Rob Standridge is an American business owner and politician who represented the 15th district of the Oklahoma Senate from 2012 to 2024.

==Early life==
He graduated from the University of Oklahoma in 1993 with a bachelor's degree in pharmacy. In 1995, he purchased a small pharmacy in Blanchard, Oklahoma. A few years later he started one of the first interactive online pharmacies, CyberPharmacy. In 2005, it was transformed into a pharmacy that specialized in juveniles and the mentally disabled. In December of 2022 Rob graduated from Syracuse College of Law, and passed the Bar in Oklahoma in February of the following year. Rob wrote the introduction, collaborated on and was the initial creator of the book, Smashing the DC Monopoly by former Senator Tom Coburn. Rob self-published his first novel, 2084, Trump & the Bill of Freedoms, in May of 2024.

==Political career==
For his 2012 campaign, Standridge won the runoff for the Republican primary against Jack Beller before facing Democrat Claudia Griffith. He received 18,789 votes, more than 60 percent of the vote, on November 6, 2012. Standridge was sworn in November 14, 2012. Standridge won reelection in 2016 against independent Shawn P. Sheehan and again in 2020 against Democrat Alex Scott. He was term limited in 2024. His wife, Lisa Standridge, ran to succeed him in office.

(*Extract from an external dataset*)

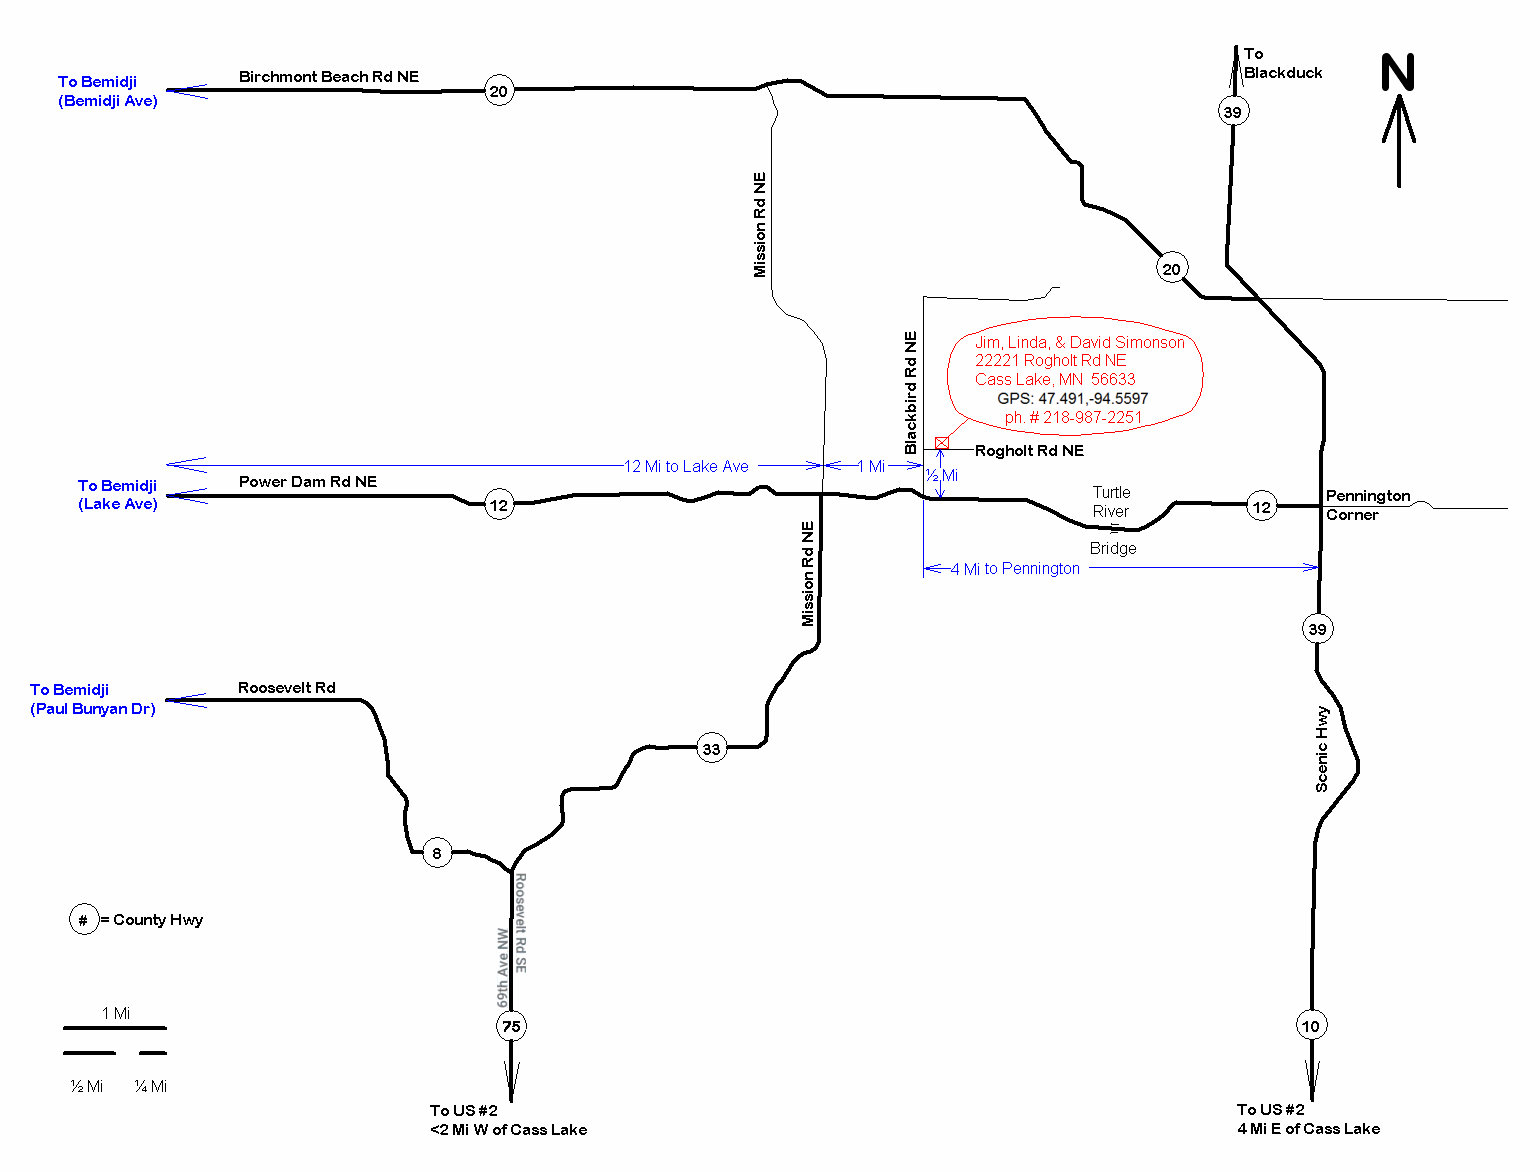 click for larger area map

On February 1, 2021, Standridge introduced Senate Bill 624, to name part of U.S. Route 287 in Oklahoma the President Donald J. Trump Highway. This was believed to be the first state highway to be named after President Trump.

On February 1, 2021, Standridge introduced Senate Bill 658, which would ban COVID-19 vaccine mandates in schools and was amended to also restrict school mask mandates; the bill passed both houses of Oklahoma's state legislature and was signed into law by Oklahoma's governor on May 28, 2021.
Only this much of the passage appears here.